• INPUT MATERIAL
= = = = = = =

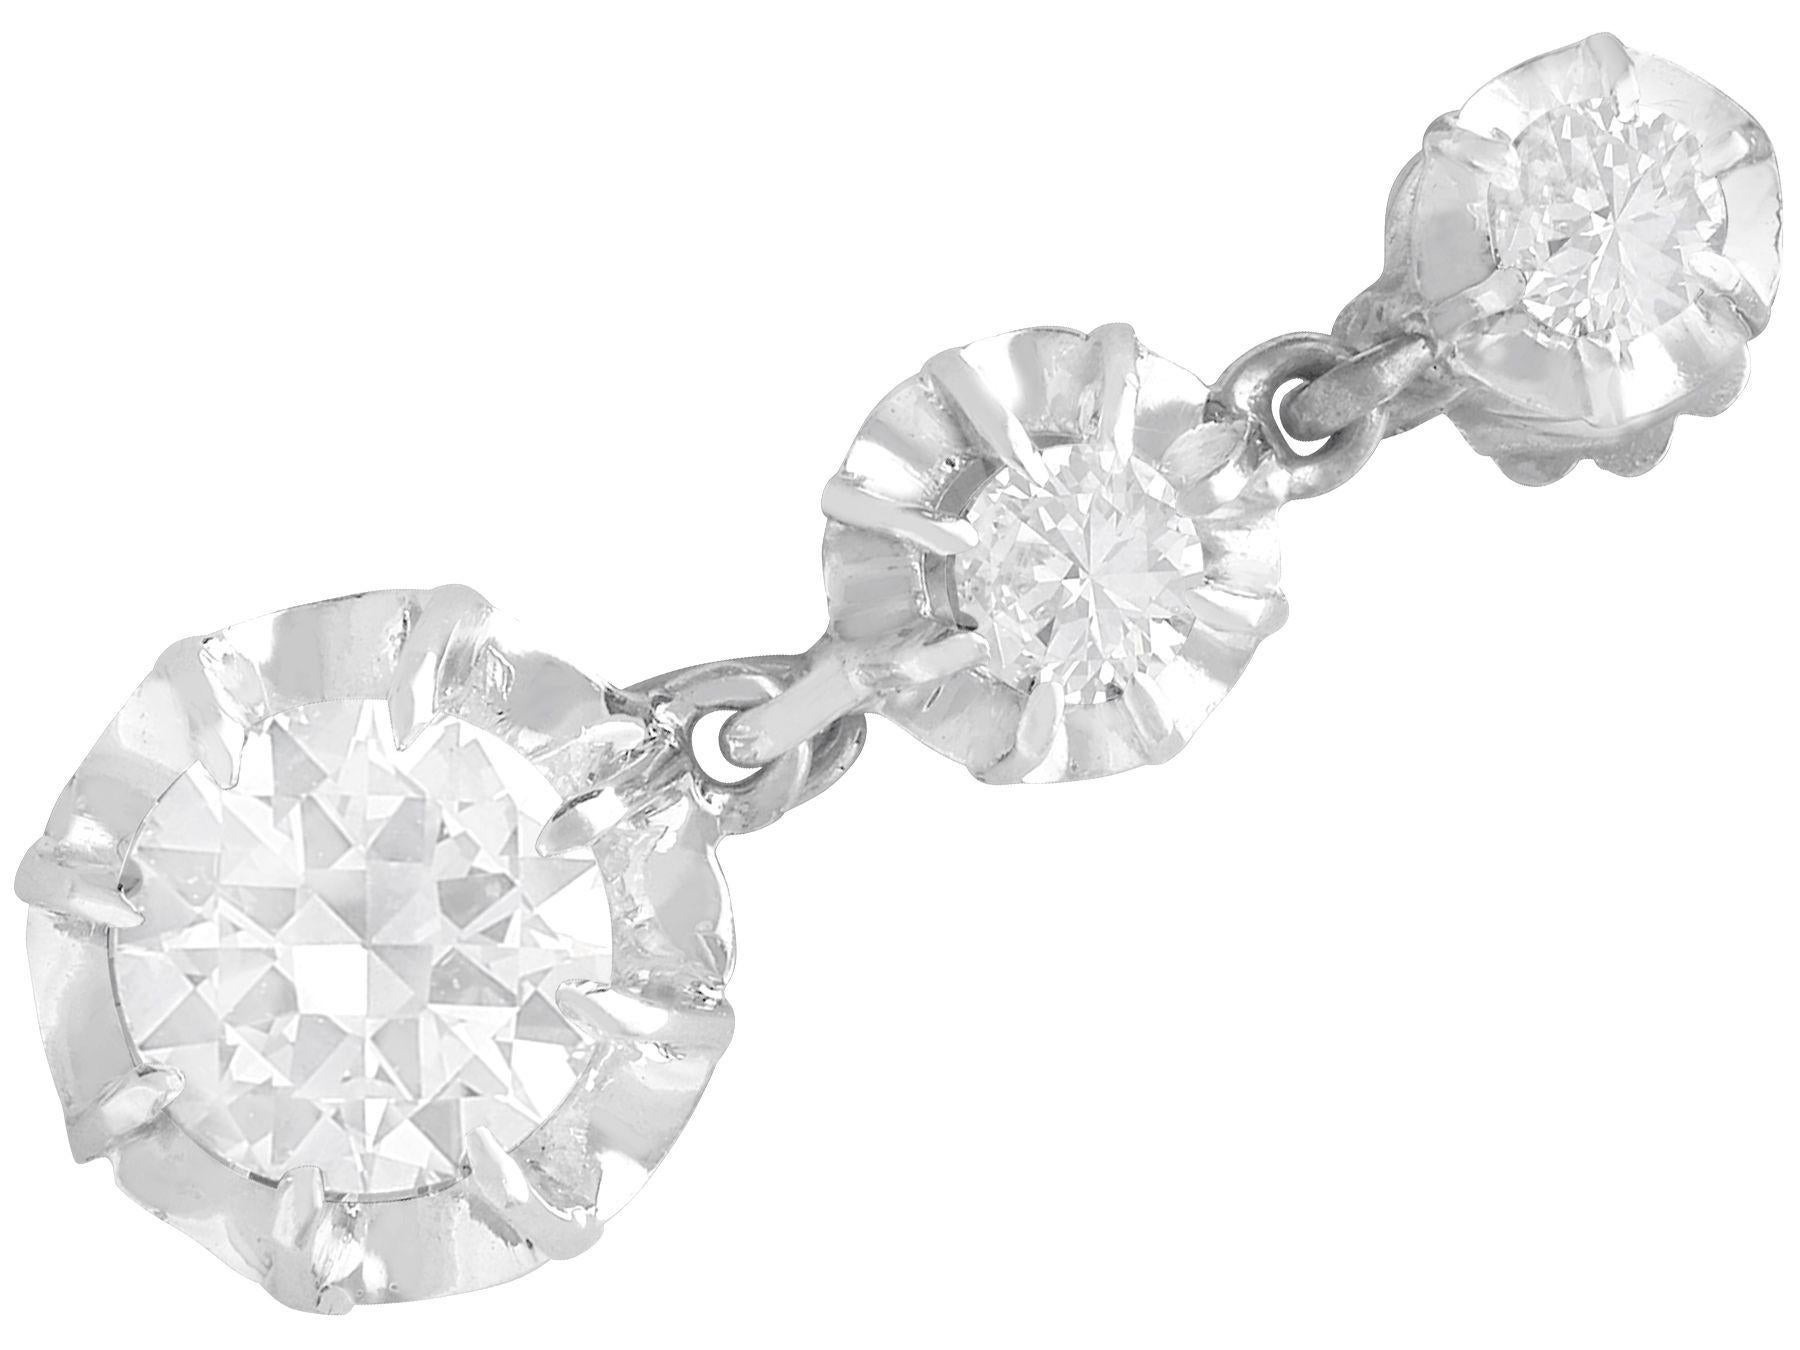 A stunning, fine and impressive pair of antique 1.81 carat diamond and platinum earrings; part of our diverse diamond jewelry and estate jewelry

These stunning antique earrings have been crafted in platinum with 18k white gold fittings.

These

= = = = = = =

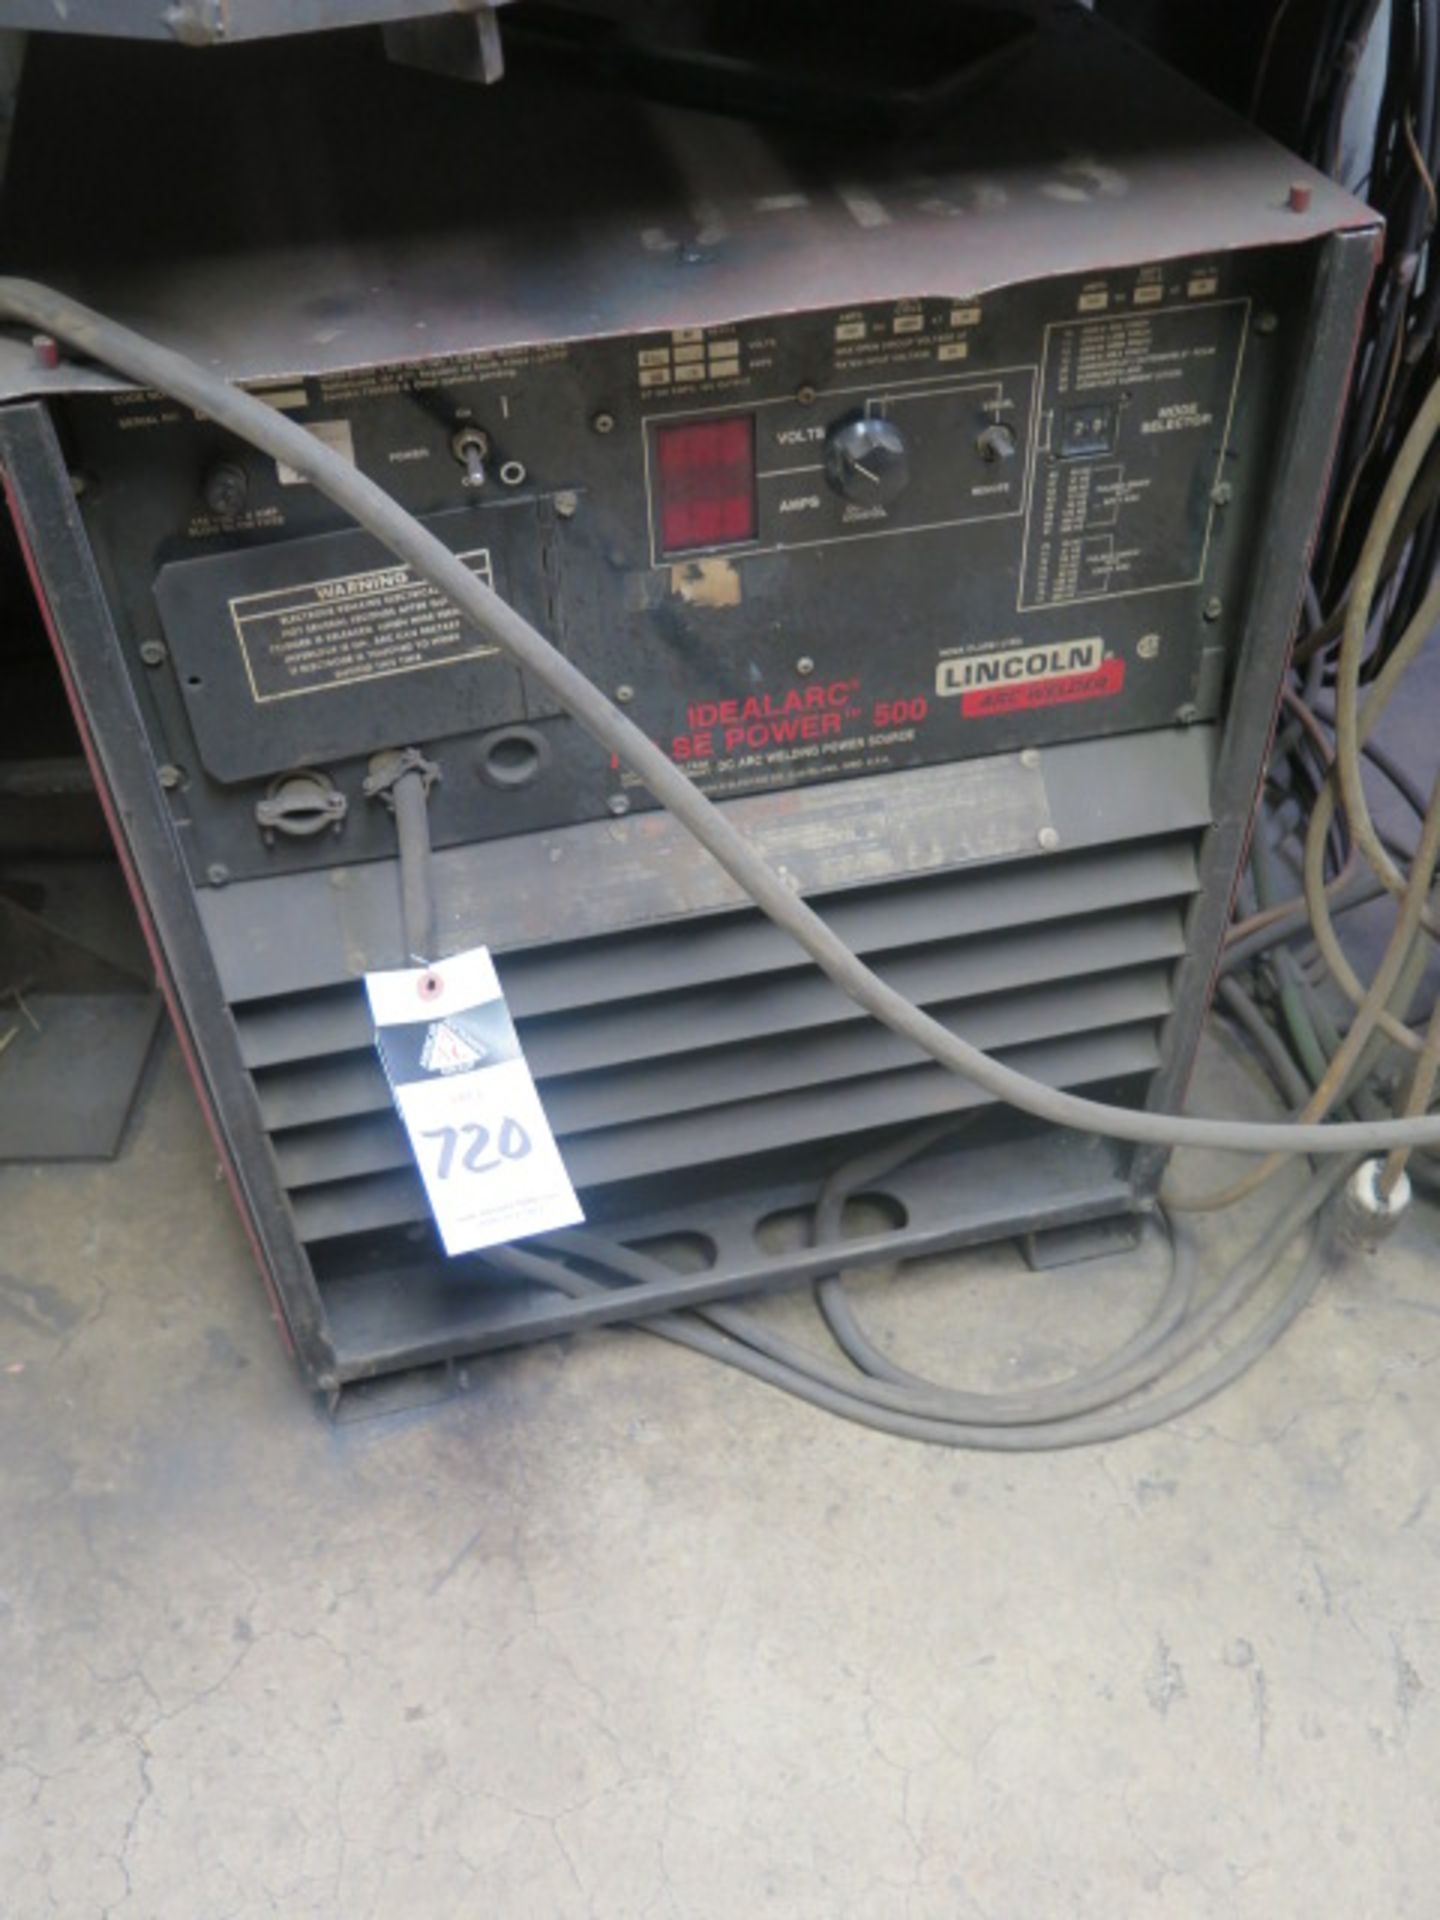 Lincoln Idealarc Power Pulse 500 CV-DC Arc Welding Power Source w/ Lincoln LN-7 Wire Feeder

= = = = = = =

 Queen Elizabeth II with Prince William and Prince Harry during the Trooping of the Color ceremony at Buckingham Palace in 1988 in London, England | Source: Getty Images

= = = = = = =

• PROBLEM STATEMENT
Tell how many lines in the entries above include the word "These", and respond with the number alone.

• SOLVED PROBLEM
2